Avukat Medeni Ayhan da davayı siyasi iktidarın kullanmaması için pratik bir sonuca ulaşması gerektiğini belirterek, "Davanın sembolik olmaması açısından hiyerarşik ilişkide bulunan tüm askerlerin polislerin tahkikat genişletilerek bu davaya dâhil edilmesi gerekir. 1908 Teşkilatı Mahsusa'dan bu yana devletin içinde bazılarının derin devlet, bizim ise kontrgerilla dediğimiz bir örgüt yapılanması vardır. Sanıkların bunlarla ilişkilerinin ortaya çıkarılması gerekir" ifadelerini kullandı.

-REDDİ HÂKİM TALEBİ-
 
Avukat Yaşar Kaya ise kendisinin KCK davası nedeniyle bir süre tutuklu bulunduğunu, KCK davalarında binlerce sanık ifadesi alındığını fakat mahkemenin "ne hikmetse 2 sanığın ifadesini" alamadığını belirterek, Dava darbe suçu olarak açılmış, bence zaman aşımına rağmen kabul edilmiştir. Bu nedenle yok hükmündedir. Mahkeme olarak yetkileriniz yapılan düzenleme ile elinizden alındı. Şu an siz ek geçici kanunla görev yapıyorsunuz. Teşkilat kanunuz yok bu iş nasıl yürüyecek? Merak ediyoruz. Şu an arkanızda siyasi ve toplumsal bir destek yok, sizlerin hâkimlik güvencesi yok, çünkü teşkilat kanunuz yok. Bu iş nasıl gider bilmiyorum. Tarihi bir kara verecekseniz bu durumunuzu Anayasa Mahkemesi'ne götürmeniz gerekir. İlk defa duruşmaya giriyorum ama toplumun güveni sıfıra inmiştir. Heyetiniz hakkında reddi hâkim talebinde bulunuyoruz. Gerekçesi şu: diğer özel yetkililerde bir yılda onlarca insan sorgulanmış, burada iki kişi sorgulanamamış bu bizde adalet duygusunu sıfıra indirmiştir" diye konuştu.
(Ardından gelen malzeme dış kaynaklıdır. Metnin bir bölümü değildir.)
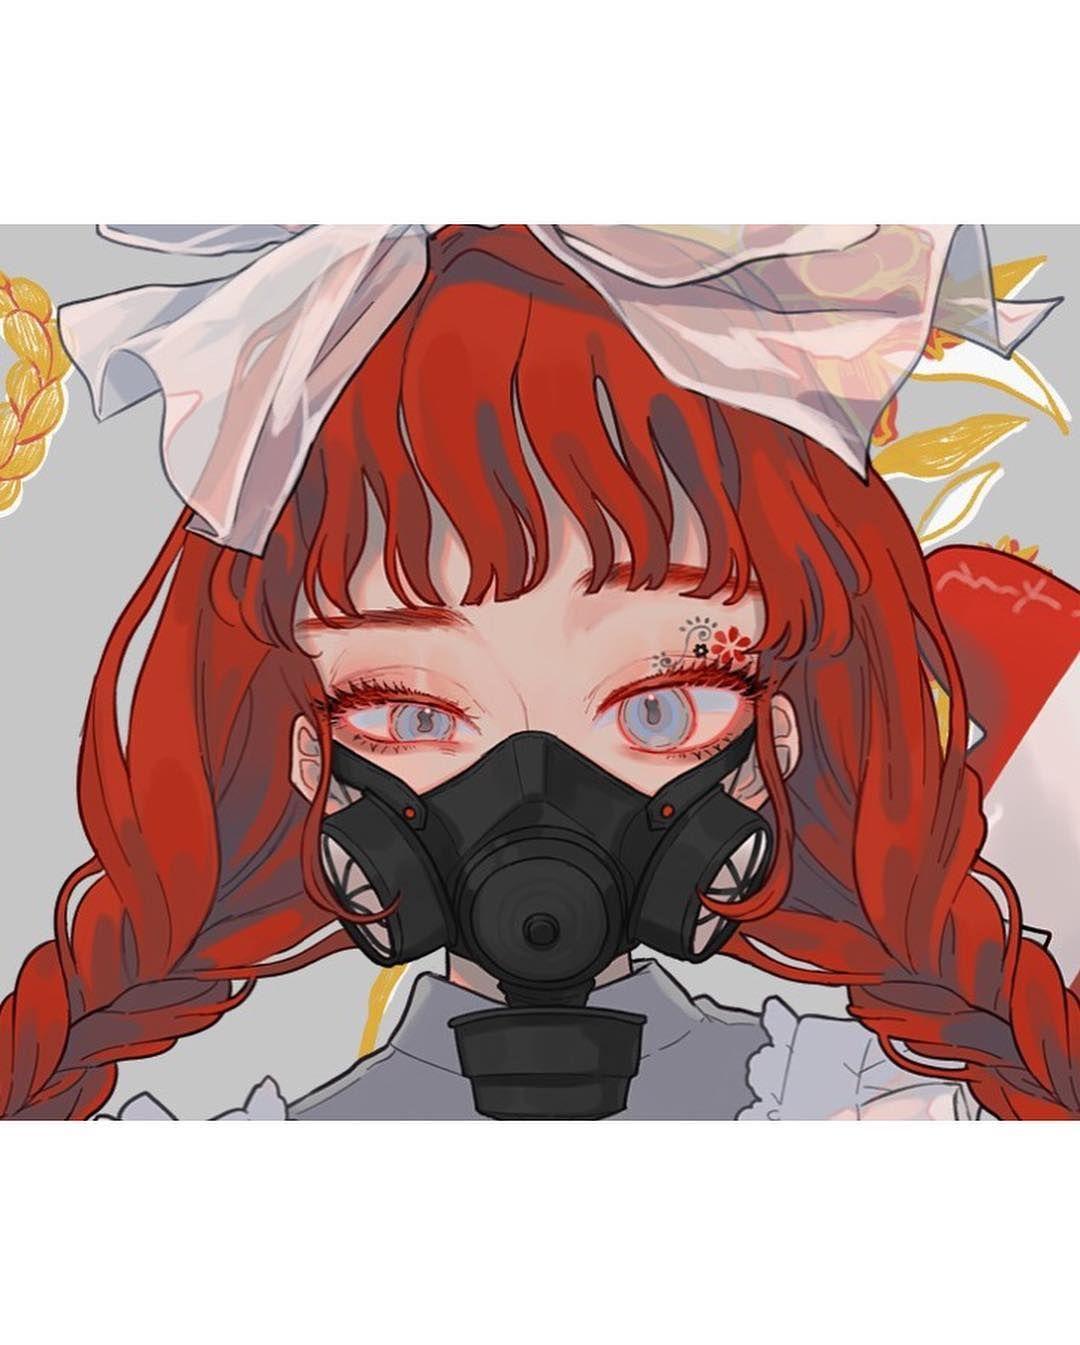 Pin by Noname on โปรเจกต์น่าลอง Cute anime character

-EŞCİNSEL DERNEĞİ DE MÜDAHİL OLMAK İSTEDİ-

Duruşmada dikkat çeken bir müdahillik talebi de Siyah Pembe Üçgen Derneği avukatı Kerem Dikmen'den geldi. Siyah Pembe Üçgen İzmir Cinsel Yönelim ve Cinsiyet Kimliği Araştırmaları ile Ayrımcılığına Karşı Dayanışma Derneği vekili olduğunu ifade eden Dikmen, 12 Eylül döneminde derneklerinin üyeleri olan değişik cinsel yönelimi olan kişilerin de zarar gördüğünü ifade ederek müdahillik talebinde bulundu.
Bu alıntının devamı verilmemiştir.